James Capretta:            And so they know sort of what’s going to be involved in taking care of that. They could set a price for that. So my basic theory is let’s figure out what’s shoppable so to speak and ask our provider community to set a price for all the stuff that is fairly common. I wouldn’t use the word routine.

James Capretta:            Some of them are pretty serious but common and repetition in terms of the number of patients that get it and get a price for it. Tell us what you would charge and then you can say to the consumer, you can look that up now. Everybody’s pricing the same thing, right? There ain’t going to be any variation on what they’re going to do to you. There’s going to be some around the margins, but basically when they repair this thing through a surgical procedure, it’s going to be the same. Whether it’s Dr. X or Dr, Y and let’s get an all in price for that. I’ll tell you what the facility fee probably done in an outpatient basis a lot of them, your facility fee. The surgeon fee, the anesthesiologist, that post-surgery therapy.

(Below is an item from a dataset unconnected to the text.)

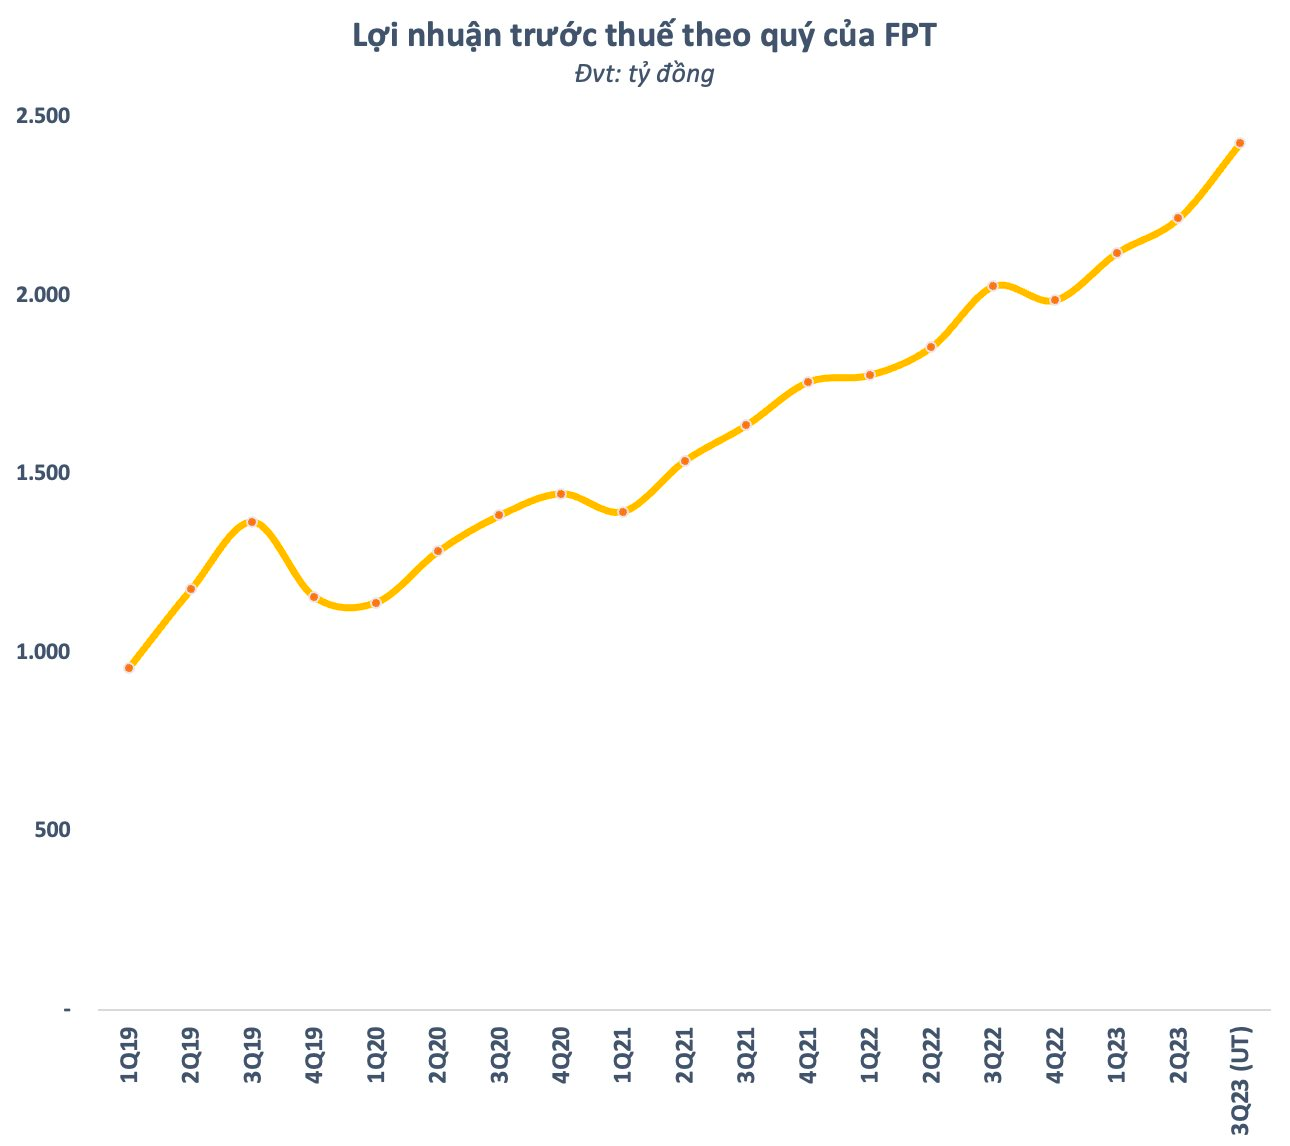 FPT tiếp tục phá đỉnh lợi nhuận trong quý 3, tăng trưởng gần 20% so với cùng kỳ năm trước - Ảnh 1.

James Capretta:            Tell us what it would all be and then that consumer can look it up and say, I’ll compare this one to that one and see what the price is. Now there’s one other piece though, because as you said even with a $6,000 deductible, a lot of people will blow through that. If something serious, you’re going to end up above that. Above that, a lot of people are price insensitive. Right. Because at that point they aren’t paying, the insurance is paying. So you need to have something that says, hey, if you pick something that’s less expensive than the sort of standard thing that might be covered and save some money for you and the insurer, you should share in that savings. So you need some a hook that says even for pretty expensive stuff, if you shop and find something that looks like it’ll be just as good but less pricey, you get to save some of it yourself and you get the benefit from it.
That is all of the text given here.